Я трепещу, завидев гребни волн,
ещё не слыша стонов марианских,
но в шуме пенных тысячи корон
я слышу – кто-то смотрит без опаски
в морской пожар и туч седых набеги.
Вдруг гривы вод склоняются к нему,
и тают в золотой закатной неге,
и нежно-нежно трутся о корму.
В зеркальной глади отражённым раем
купались небеса – рукой достать,
мне там бы, счастья большего не зная,
утёсом обернуться – благодать.
Там сердце не противится стихии,
за стягом веры вечной и живой,
что ни один порыв не опрокинет
сокровищницу прямо надо мной!
Но в поисках сокровищ тонут люди,
забившись в трюм, кляня могучий гром.
А в лодке – самой мелкой из посудин –
плывёт Вершитель всех людей и волн.
ВЕЧЕРНЕЕ
Своим райским, цветущим ветром
омывай мою душу, май!
Непрестанно звучит ответом
нежный свист воскрешённых стай
под моим окном, распахнувшим,
развернувшим весь дом вовне.
Ночь весёлая добродушно
ляжет пледом на плечи мне.
Все изгонит печали, страхи
песнь тропическая впотьмах!
Пышногривых деревьев взмахи
кружевничат на фонарях.
У луны молодого круга –
взгляд черёмуховых цветов;
Поцелуй дорого друга
и сиреневый запах снов…
ЗВЕЗДА
Звезда мигает, щурится,
трепещет, как слеза.
Под ней знакомой улицы
струится полоса.
Звезда блестит в безоблачной,
бескрайней черноте;
лучи рисуют в воздухе
мне множество путей.
Висит в пространстве, гордая,
над городом одна,
и лучше с неба свалится,
чем всё-таки признается,
что в месяц позолоченный
безумно влюблена.
ЛАРЧИК
Вот ключ – звенящее перо на полотне руки.
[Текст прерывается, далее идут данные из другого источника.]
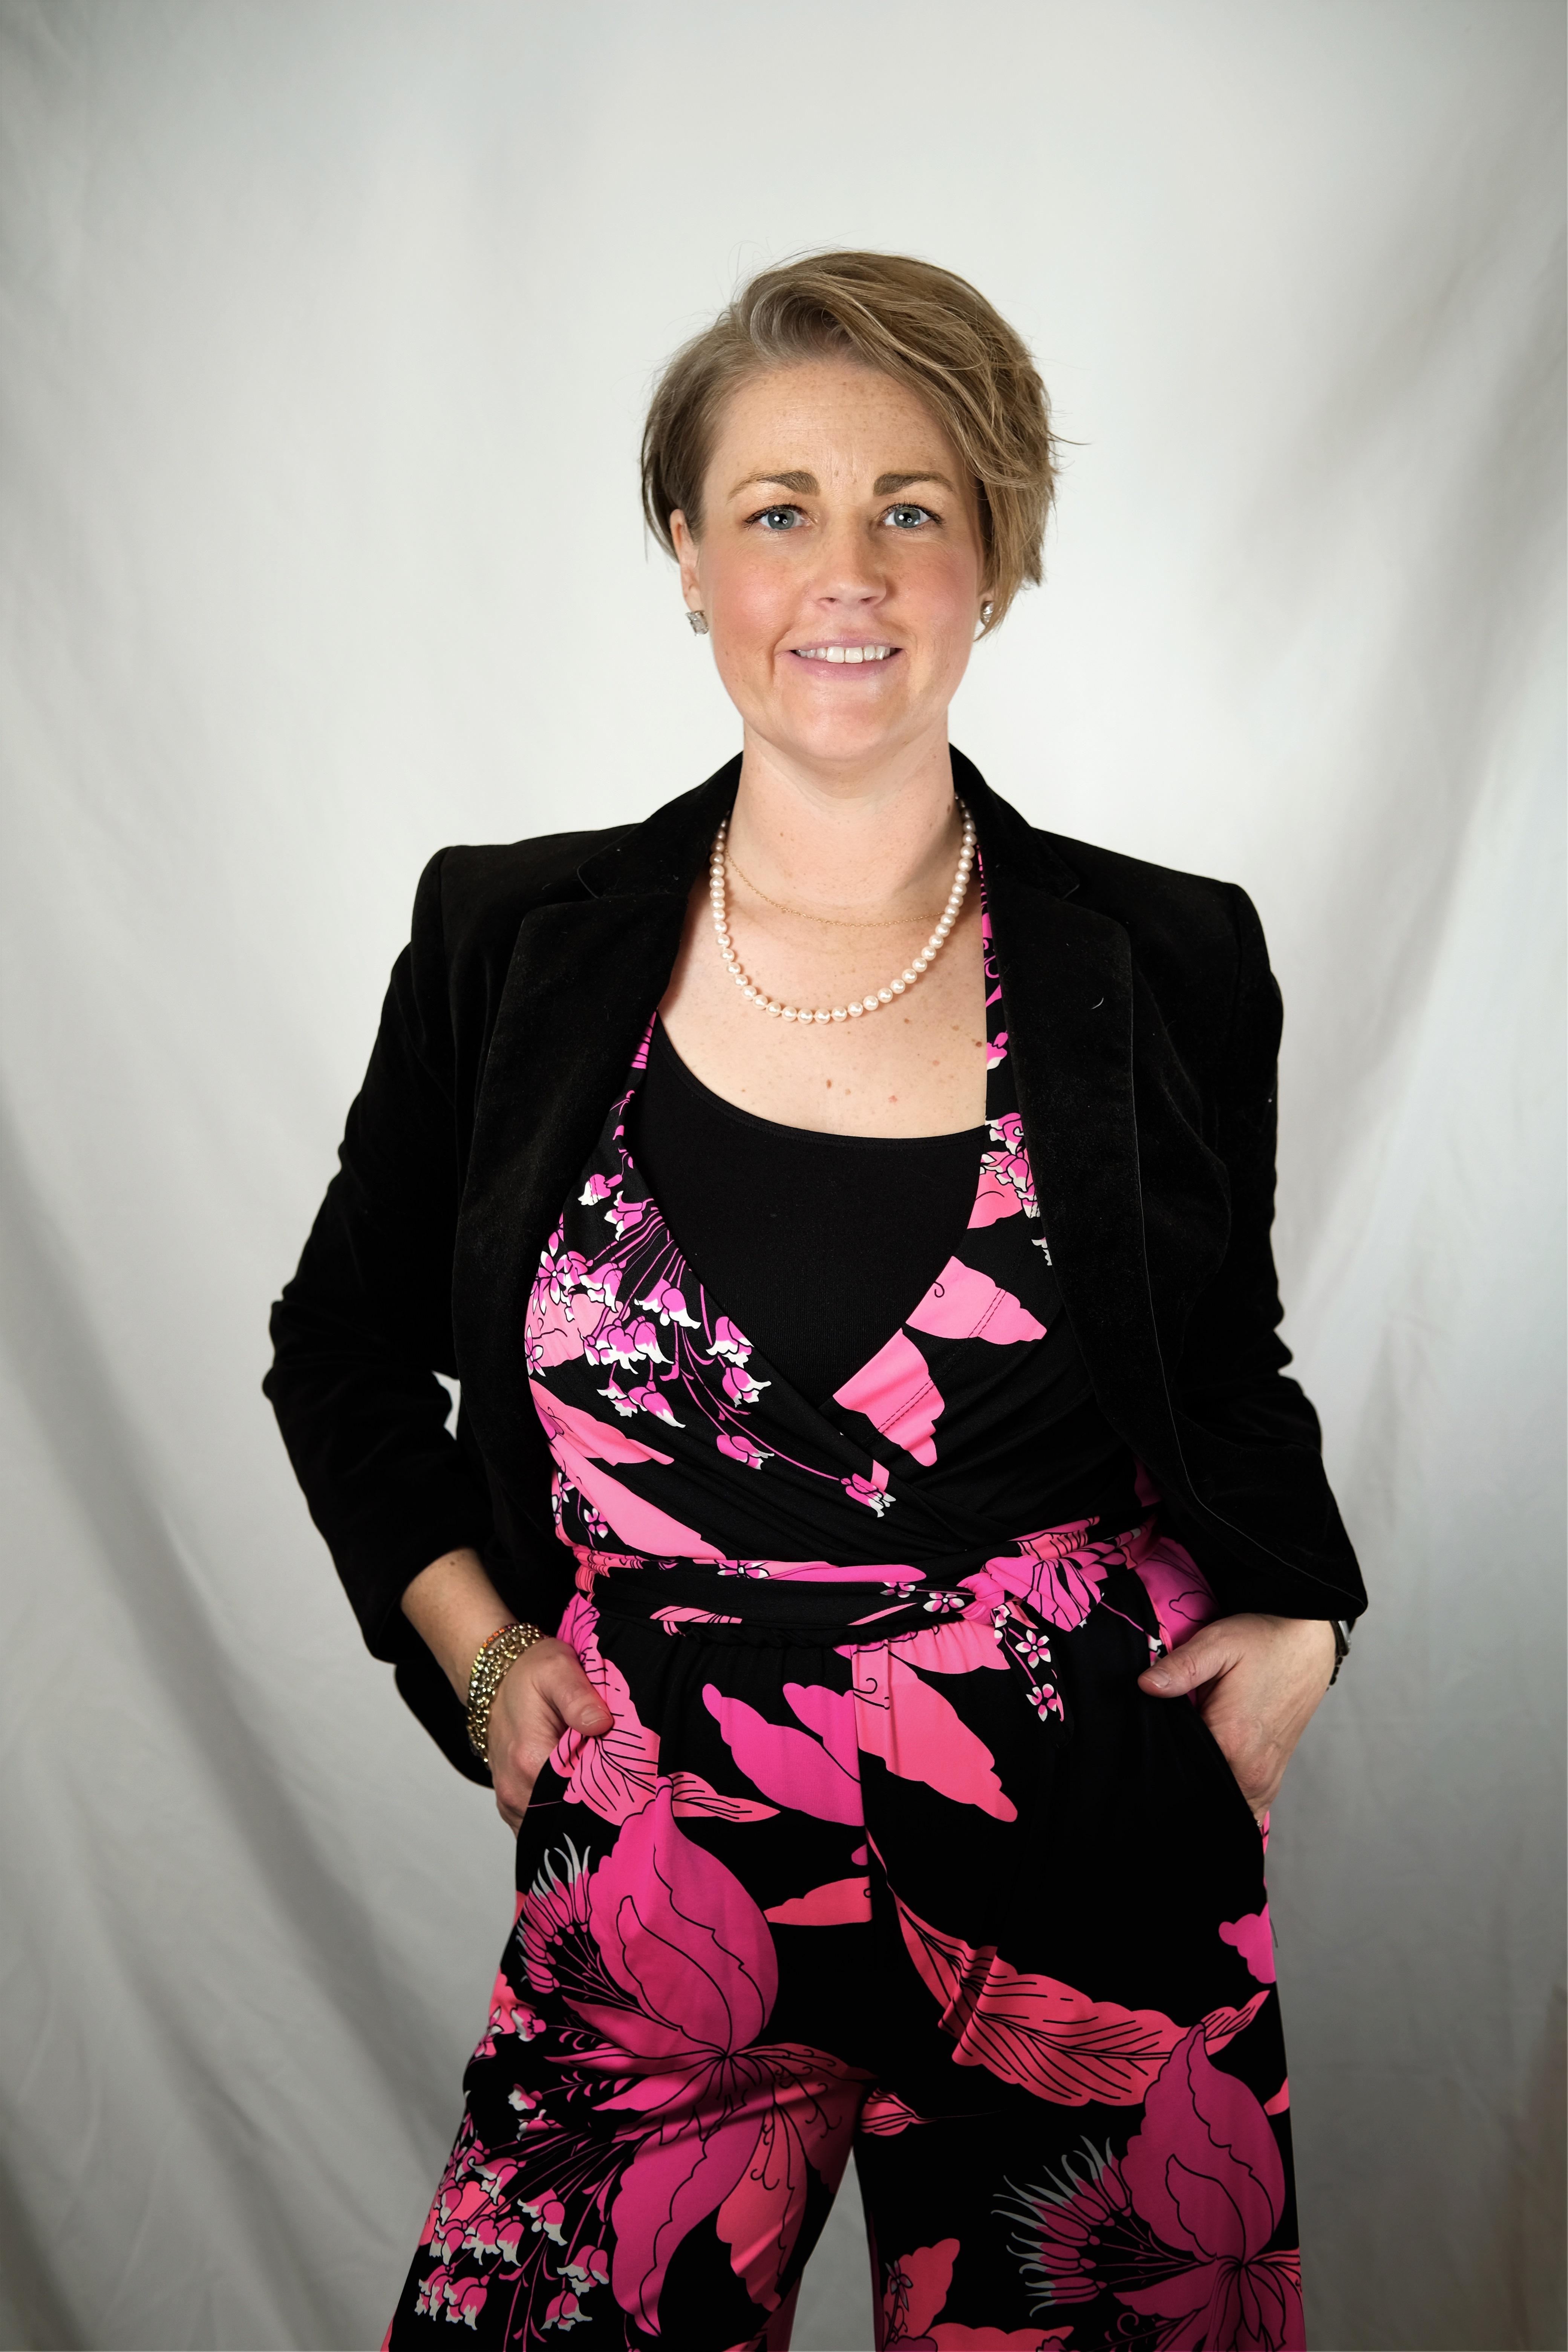 Elizabeth Hockmeyer-Williams
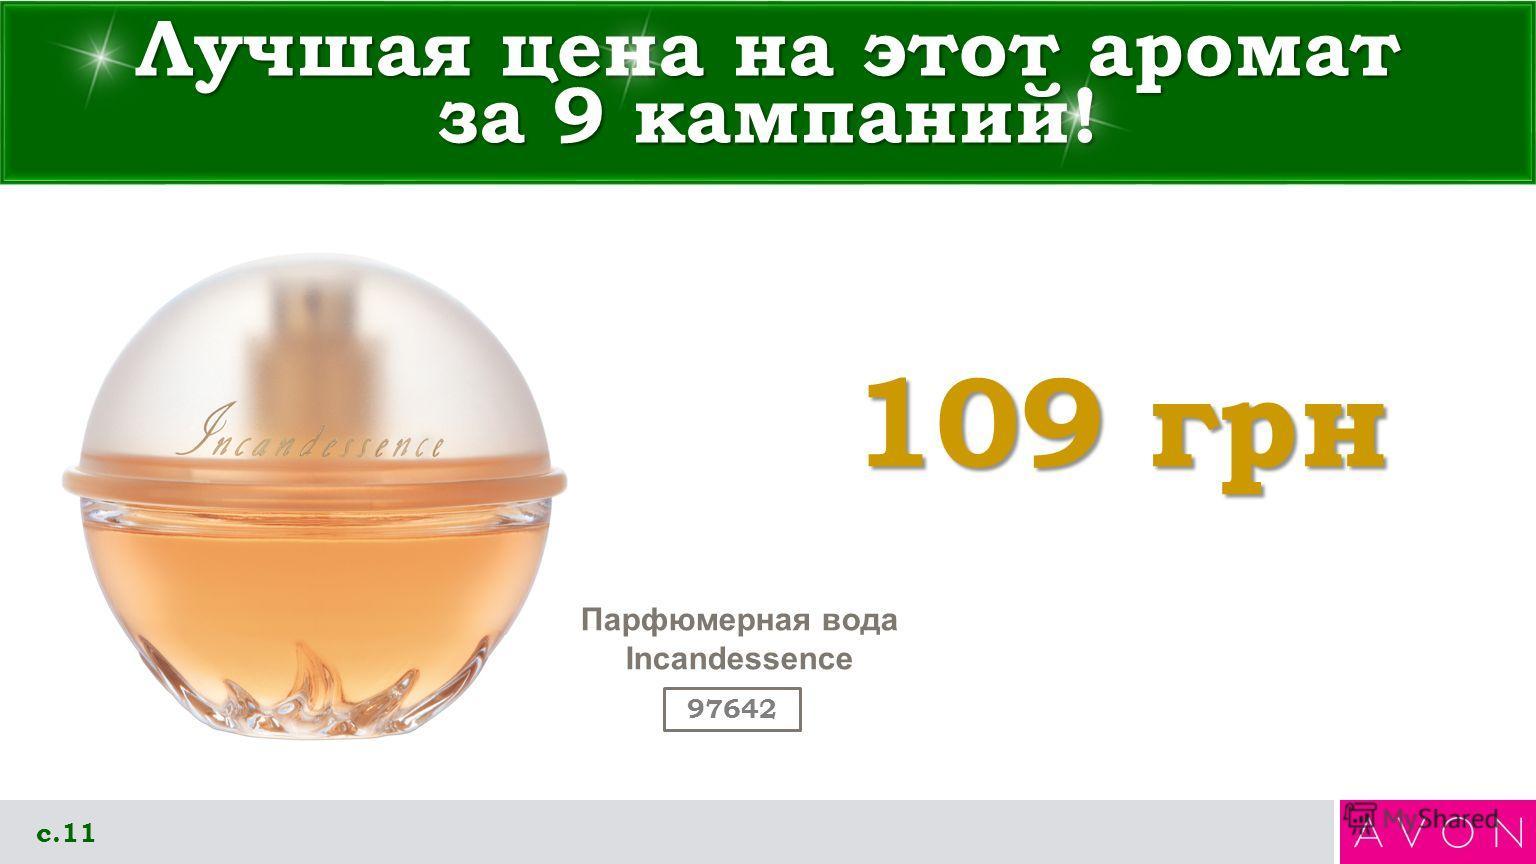 Лучшая цена на этот аромат за 9 кампаний! с.11 109 грн 97642 Парфюмерная вода Incandessence

Вот слово, что в тумане слёз рождает языки.
Вот я – дитя, вот мой ларец, а вот моя любовь –
зверёк чудной. Его укрыл ларца резной покров
из нафталинного стекла – тяжёлого, как зной.
Я – в страхе встретить не того и стать ему не той.
Тревожусь сделать шаг не так – неловок жест и взгляд,
боюсь остаться вне себя, без ниточки назад.
Так и живу, пугаясь чувств, люблю издалека
и понимаю: прячась так, могу убить зверька.
На перевязанных сердцах в тоске звенят ключи
о том, что время для любви – как воздух для свечи.
Учителя, ученики, бродяги и вожди,
где каждый третий – Дейви Джонс с заплатой на груди.
Где всяк второй хоронит ключ на Марианском дне.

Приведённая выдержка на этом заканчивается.